Why are executives enamored with AI, but ICs aren't?
Premise: Are ICs less enamored than executives?
- Many commenters dispute the premise: lots of ICs are excited about AI; lots of executives are skeptical or just following hype.
- Surveys and anecdotes cited in the thread suggest high AI adoption among developers, though not universal.
- Others say enthusiasm is heavily role‑, domain‑, and skill‑dependent (e.g., web vs. systems, data vs. embedded).
Executives’ motivations and perceptions
- Execs are seen as viewing AI as a way to:
- Reduce headcount and labor costs.
- Turn “expensive engineering work” into cheaper, more interchangeable output.
- Confirm an existing worldview that work is a commodity and value lies in orchestration/strategy.
- Strong FOMO: betting on AI is career‑safe; ignoring it and losing to competitors is not.
- AI demos and simple side projects lead some leaders to wildly overestimate capabilities (“vibe coding” → assume anything is easy).
- Some execs apply AI to their own tasks (communication, reports, slideware) and infer it can replace all knowledge work.

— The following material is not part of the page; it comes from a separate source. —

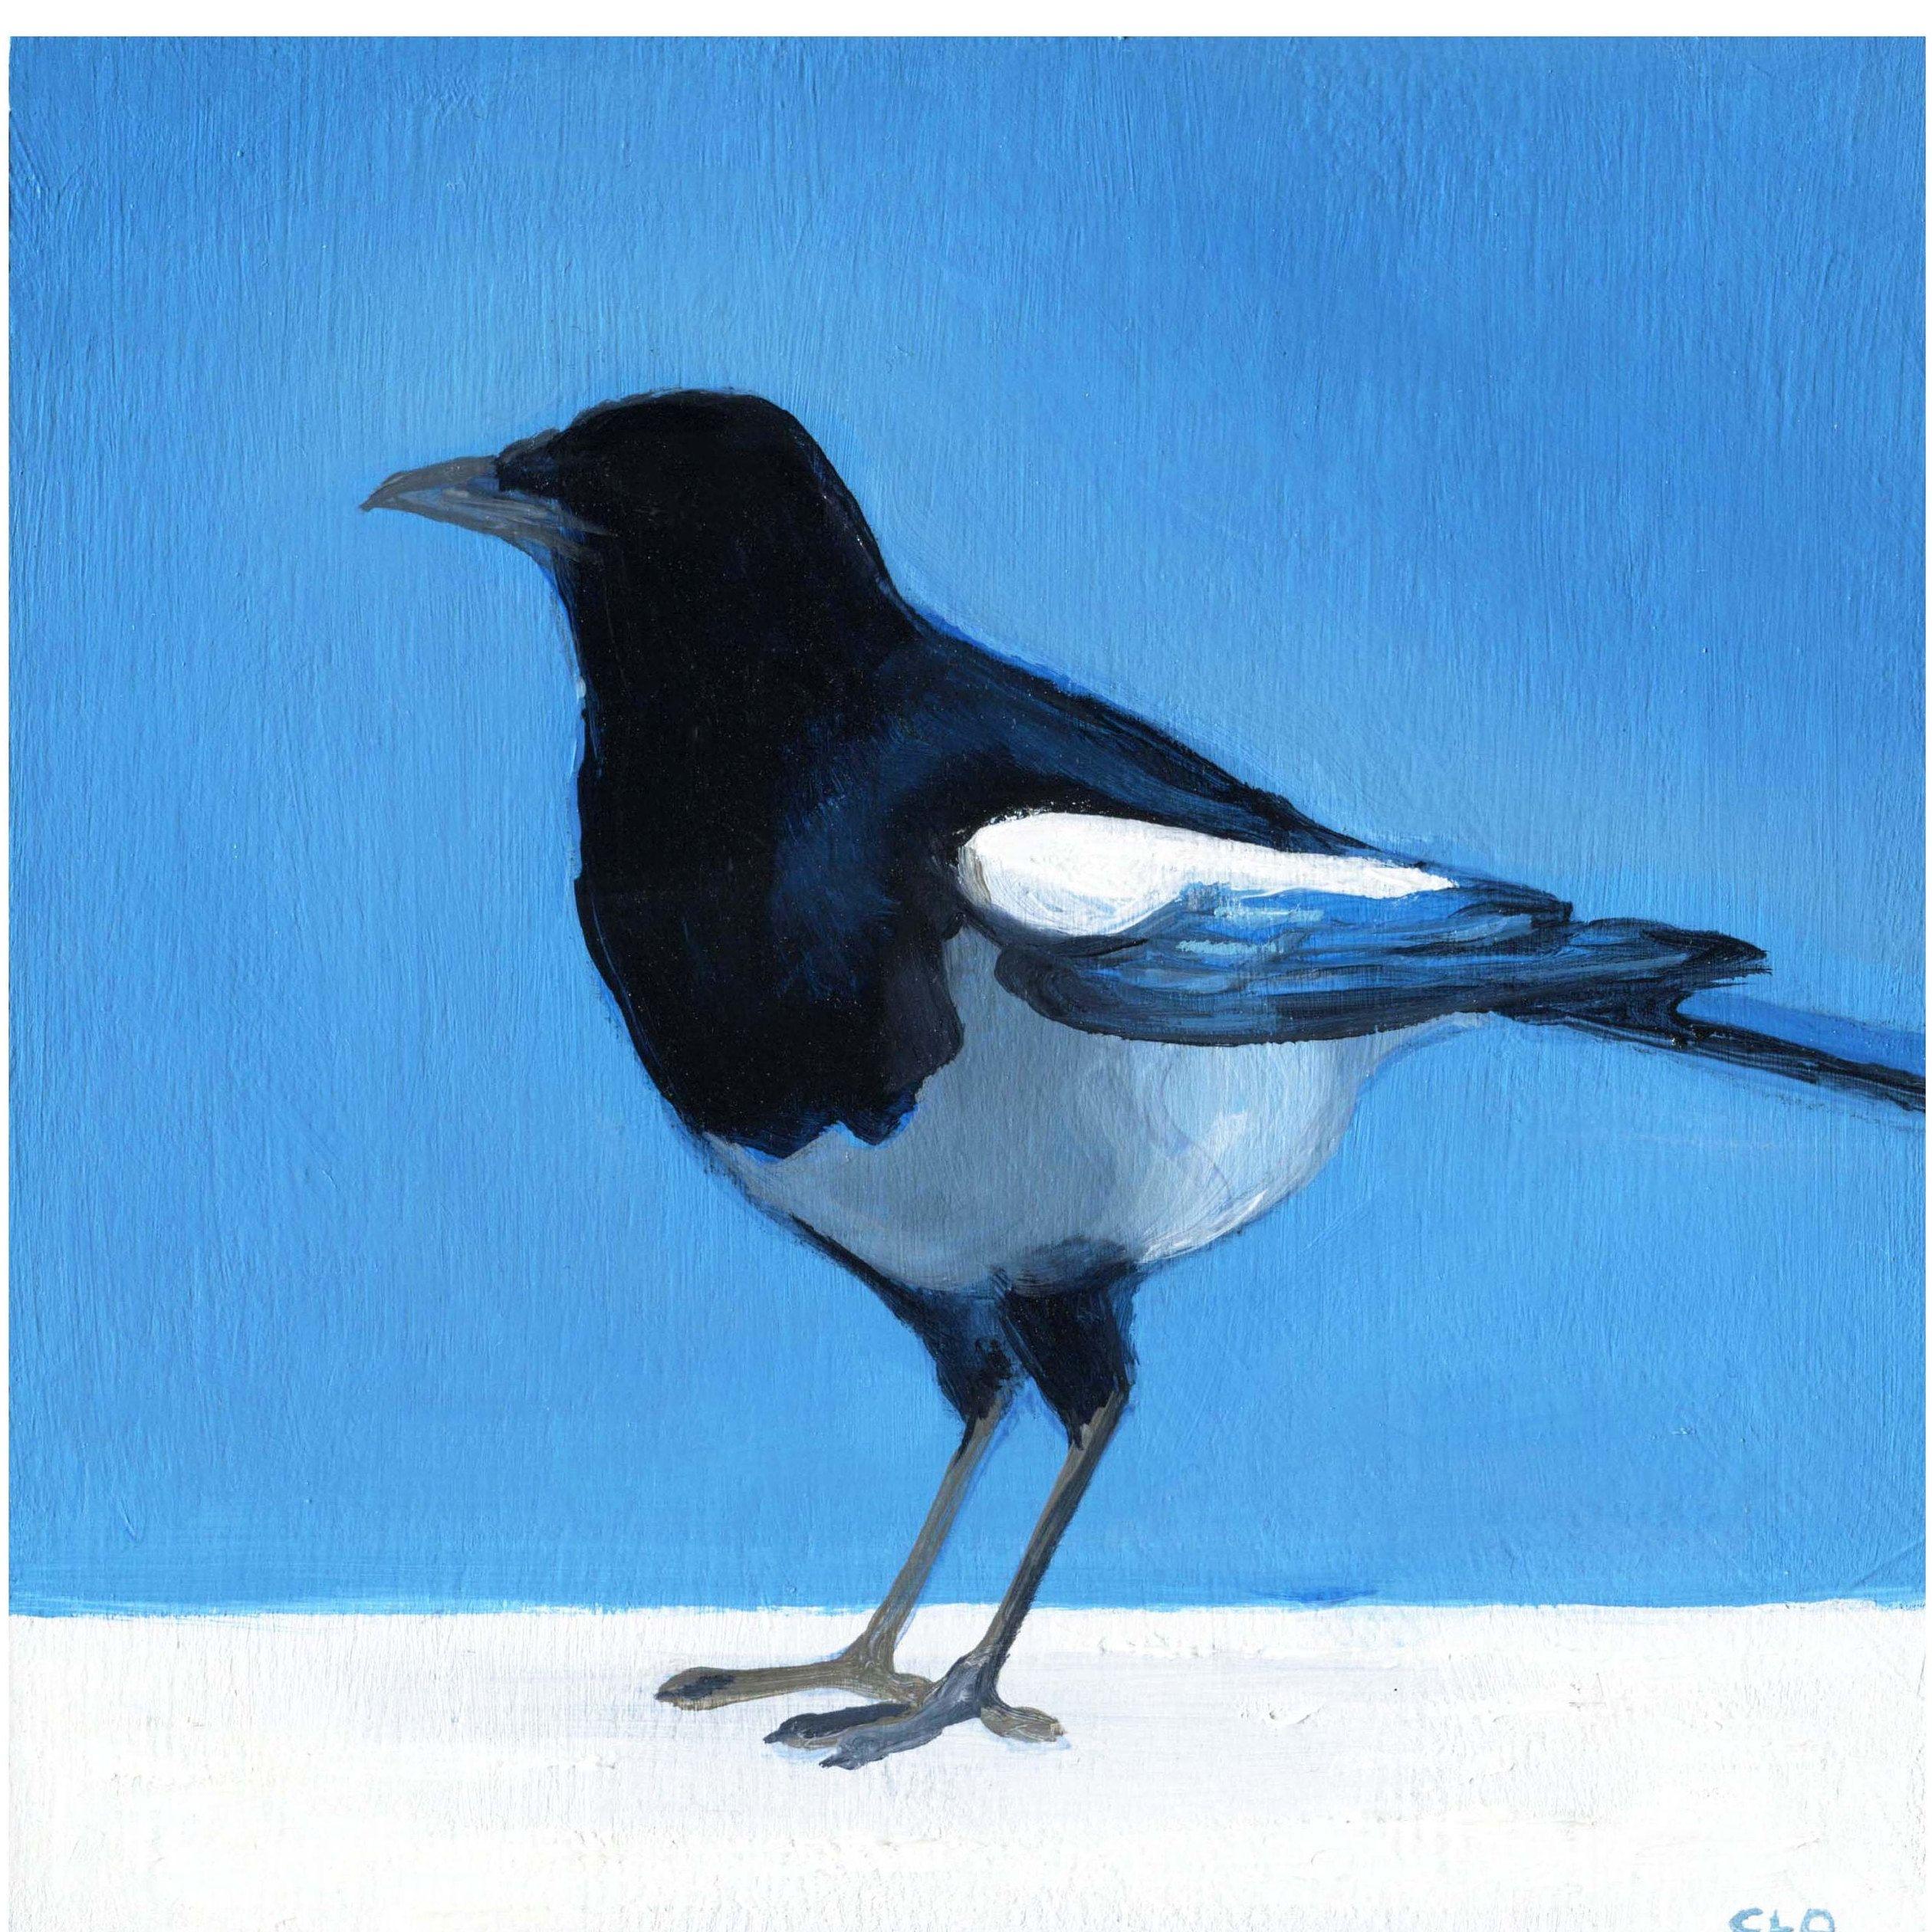 Magpie On Blue Art Print Bright Black White And Blue Bird Art Print Small Magpie Bird Painting Bird Decor Off Blue Art Prints Blue Bird Art Bird Art Print

IC experiences and attitudes
- Many ICs use AI daily for: boilerplate, debugging, exploring unfamiliar stacks, quick prototypes, semantic search, and tests.
- Others avoid it, especially in low‑level/systems work, citing hallucinations and domain‑specific issues.
- Some enjoy coding and don’t want to outsource the “fun” parts; others revel in speedups that remove drudgery.
Code quality, limitations, and failure modes
- Repeated reports of “slop”: plausible but brittle code, hallucinated APIs, shallow tests, defensive over‑engineering, and poor long‑term evolvability.
- Strong consensus that unsupervised AI code/agents don’t converge on robust architectures for larger projects.
- Some claim they barely read AI‑generated code; others warn this is reckless and leads to unmaintainable systems.
Impact on work, jobs, and power dynamics
- IC concerns: higher expectations without more pay, loss of bargaining power, and explicit plans to cut staff.
- Executives/owners expected to capture most productivity gains; historical productivity–wage decoupling is invoked.
- Some frame this as classic capital vs. labor / “means of production” conflict; others push back on simplistic Marxian readings.
Broader themes and uncertainties
- AI tools both commoditize routine coding and increase leverage for strong engineers.
- Long‑term effects on roles, pay, and required skills (specification, critical thinking, validation) remain unclear.